If any organization has taken the proverb “If at first you don’t succeed, try, try again” to heart, it is the International Monetary Fund.
Since its inception in 1945, the IMF has received heavy criticism from the international community for its policy decisions, namely for forcing distressed countries to enact austerity measures and liberalize their capital markets in return for a badly needed loan known as “conditionality.”
Yet, it has not hesitated to continue doing so. During the wave of Eurozone debt trouble, the organization acted as part of the “troika” — the European Central Bank, the European Commission and the IMF — ensuring the solvency of floundering European Union governments that were forced to enact recessionary policies in order to improve their budgetary position.
Most recently, the IMF has agreed to bail out Ukraine, which is in the midst of political turmoil, to the tune of $14 billion to $18 billion. And, as per usual, in return for a loan to prevent the Ukrainian government from default, the country must enact a set of austerity measures.
Unfortunately, this exchange will prove devastating for Ukraine as well as the IMF.
There are several different policies Ukraine must implement in return for this loan.

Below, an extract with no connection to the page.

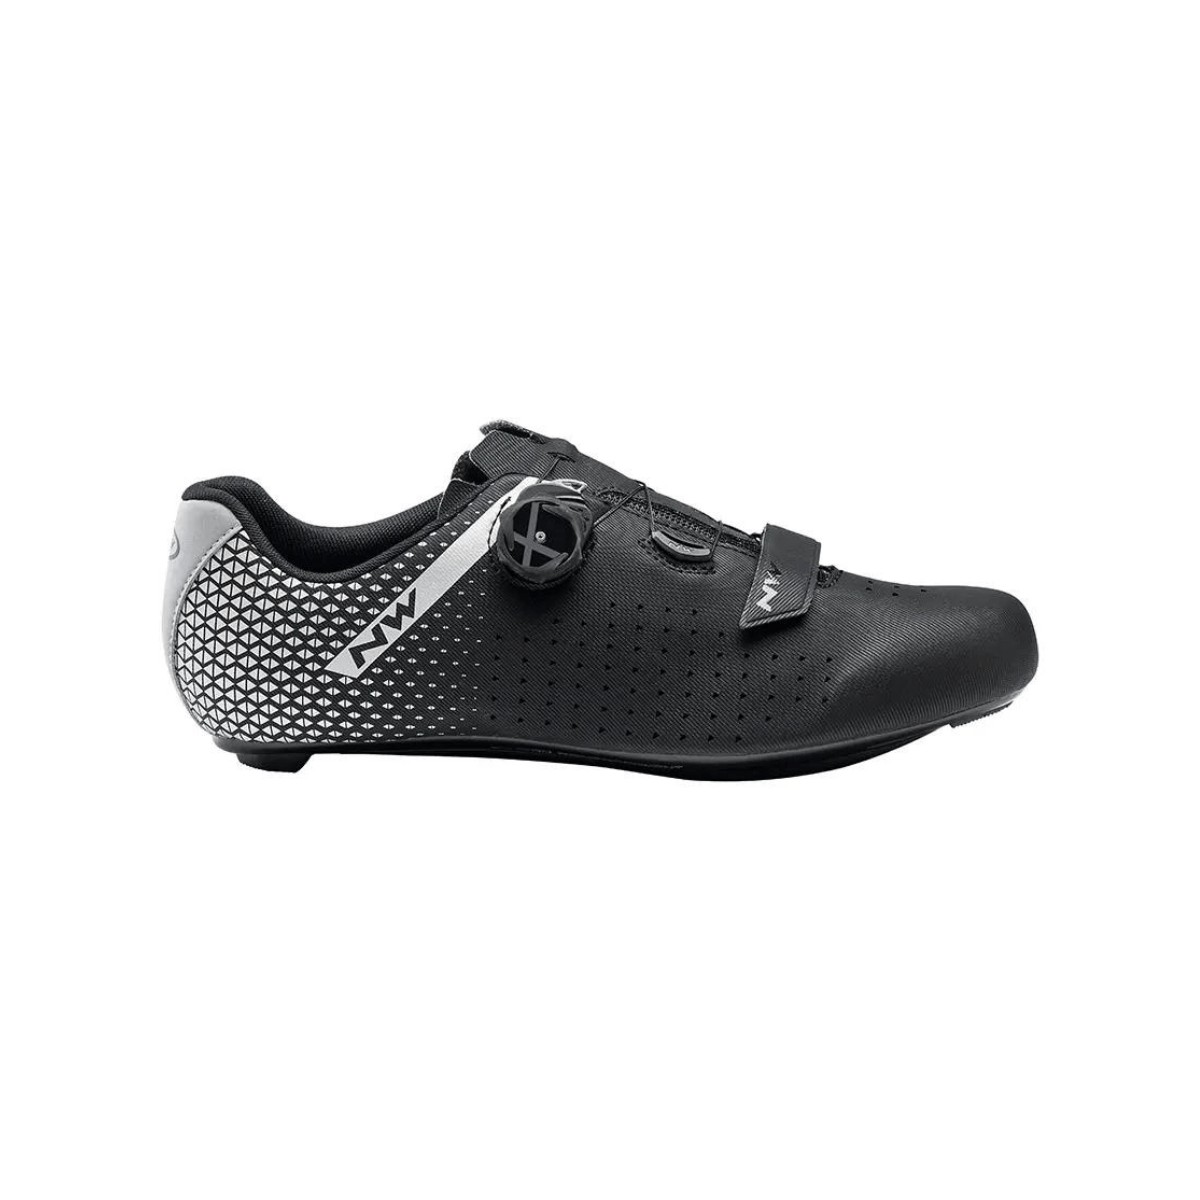 Northwave Core Plus 2 Shoes Black Silver, Size 40 - EUR

However, one requirement is particularly damaging and chronologically pertinent — the retraction of government subsidies for domestic gas used for heating.

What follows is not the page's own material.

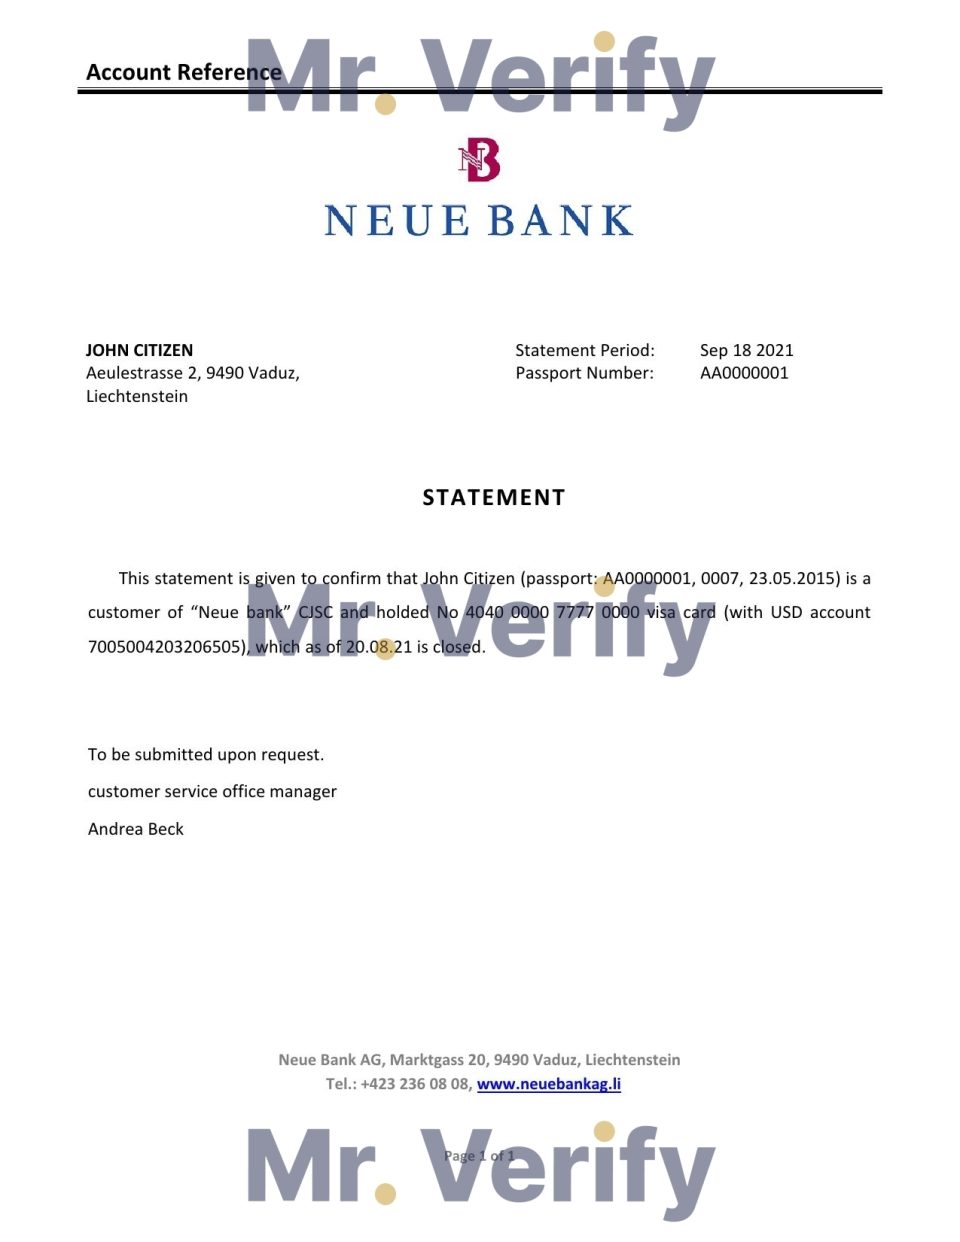 Download Liechtenstein Neue Bank Reference Letter Templates | Editable Word

On May 1, the Ukrainian state energy company Naftogaz announced that it would raise the price of domestic gas by more than 50 percent, a move largely seen as a dedication by the state to enact the IMF’s intended policies in the future. One of the conditions of Ukraine receiving a loan was curtailing subsidies, so by taking action, the government shows its commitment to IMF-sponsored reform, which increases its chances of receiving funding.
Now it is evident that for Ukraine to achieve long-term fiscal balance, eliminating or largely reducing this subsidy is necessary, as it amounts to 8 percent of the country’s GDP. This is why it is a condition of the IMF loan — as a lender, the organization wants to ensure that it will be paid back.

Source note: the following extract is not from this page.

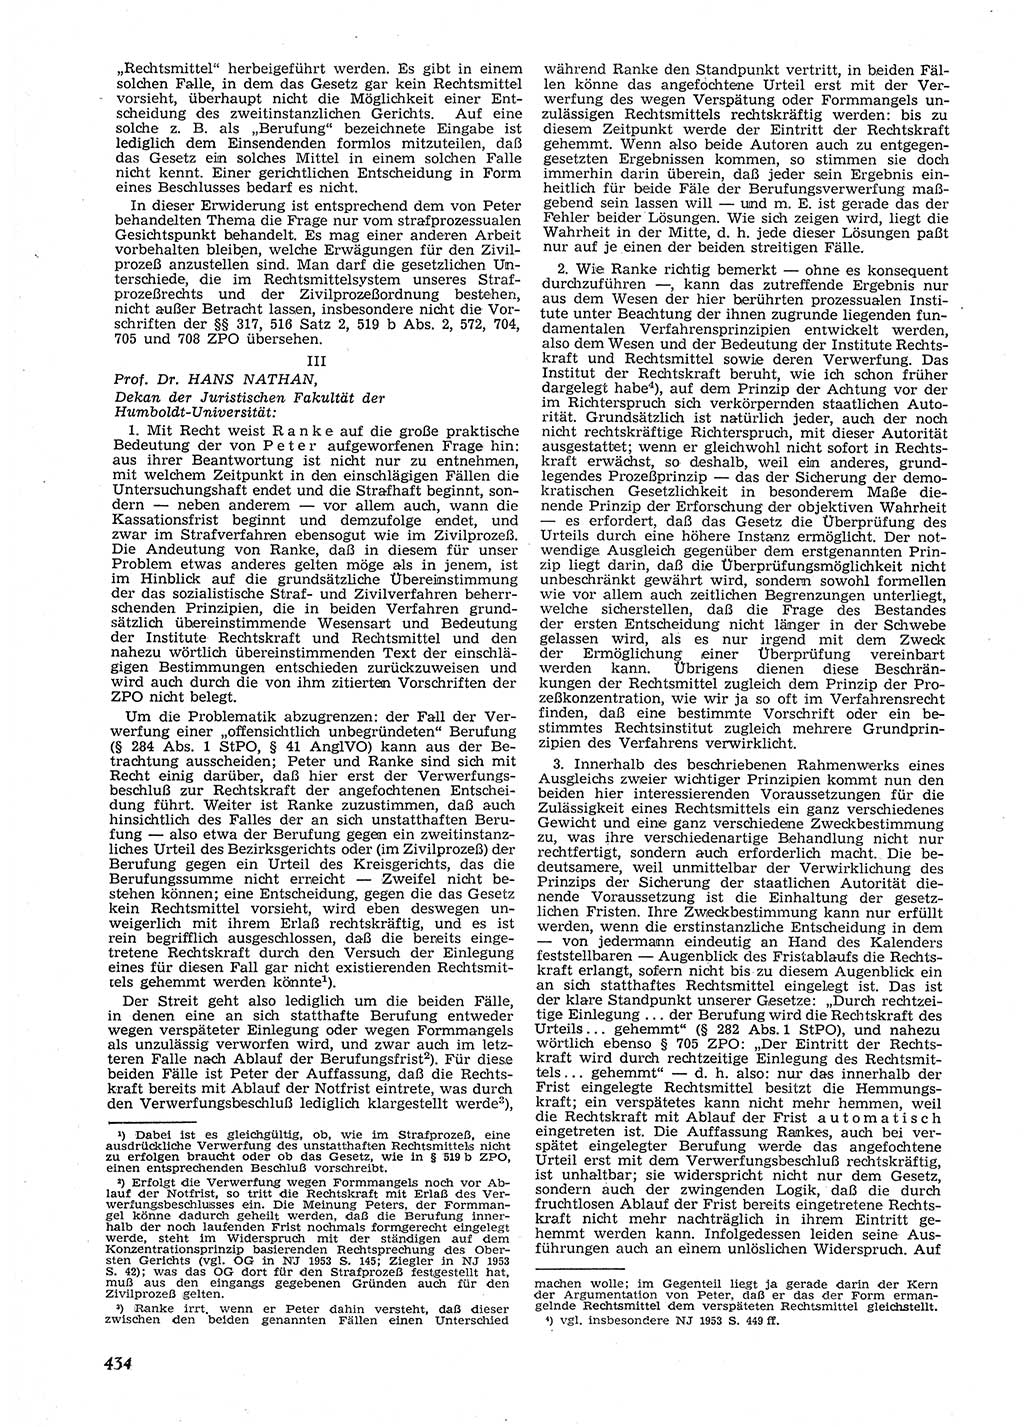 Neue Justiz (NJ), Zeitschrift für Recht und Rechtswissenschaft [Deutsche Demokratische Republik (DDR)], 9. Jahrgang 1955, Seite 434 (NJ DDR 1955, S. 434)

That being said, in the short term this policy will lead to political instability, reducing business confidence and subsequently economic activity. This combination of civil unrest and dwindling tax revenues as GDP falls will ultimately result in a worsening of the situation in Ukraine. In a painfully ironic finish, the IMF will not be paid back because of the effects of its policy to ensure that its loan will be honored.
But don’t take my word for it — this narrative has been played out again and again across countries in which the IMF has intervened.
In 1998, the IMF provided a loan of $138 million to Bolivia in exchange for a wave of privatization in the country, including the sale of the state water agency in the city of Cochabamba. As water prices rose, the city was forced to shut down for four days as protesters flooded the streets.
A year earlier, the IMF lent Indonesia a lofty $40 billion in exchange for the closure of several insolvent banks in the aftermath of the East Asian financial crisis. Then, in 1998, in return for an installment of this payment, the country removed subsidies on food and fuel for its citizens, sparking riots and resulting in the resignation of President Haji Muhammad Suharto. Later that year, the IMF ended up allowing these subsidies to be reinstated.
Clearly, fomenting civil unrest by removing food, fuel or water subsidies is bad social policy. It destroys business confidence and shoves international investment out of the country, as business activity is hampered by riots and, in the case of Bolivia, it can even result in the closure of the entire city.
Unfortunately, this is also what will result from the removal of heating gas subsidies in Ukraine. In the words of Greg Palast in The Guardian, writing on the IMF’s actions in the late 1990s, “The IMF riot is painfully predictable.”
The country might be saved from further unrest for the time being, as the demand for heating gas is heavily reduced during the spring and summer. However, come winter, Ukrainian citizens who cannot afford to heat their homes will certainly not be pleased with whichever politician wins the upcoming election.
Additionally, consumers will not only be faced with higher gas prices, but also decreased purchasing power. Inflation is expected to increase by 12 to 14 percent in response to the Ukrainian hryvnia — the country’s currency — now trading freely on international markets and a rise in gas prices for heating companies, two policies also pushed by the IMF.
As if this all weren’t enough, the dissolution of heating gas subsidies poses another threat — it makes Ukraine vulnerable to further gas price manipulation by Russia, which hasn’t hesitated to use its market power to wreak havoc in the country before. Thus, this policy might not only lead to civil unrest and economic weakness, but also thwart the international political goals of most of the countries that fund the IMF by increasing Russia’s influence over Ukraine.
Perhaps the IMF should take a lesson from comedian W.C. Fields, who advised, “If at first you don’t succeed, try, try again. Then quit. No use being a damn fool about it.”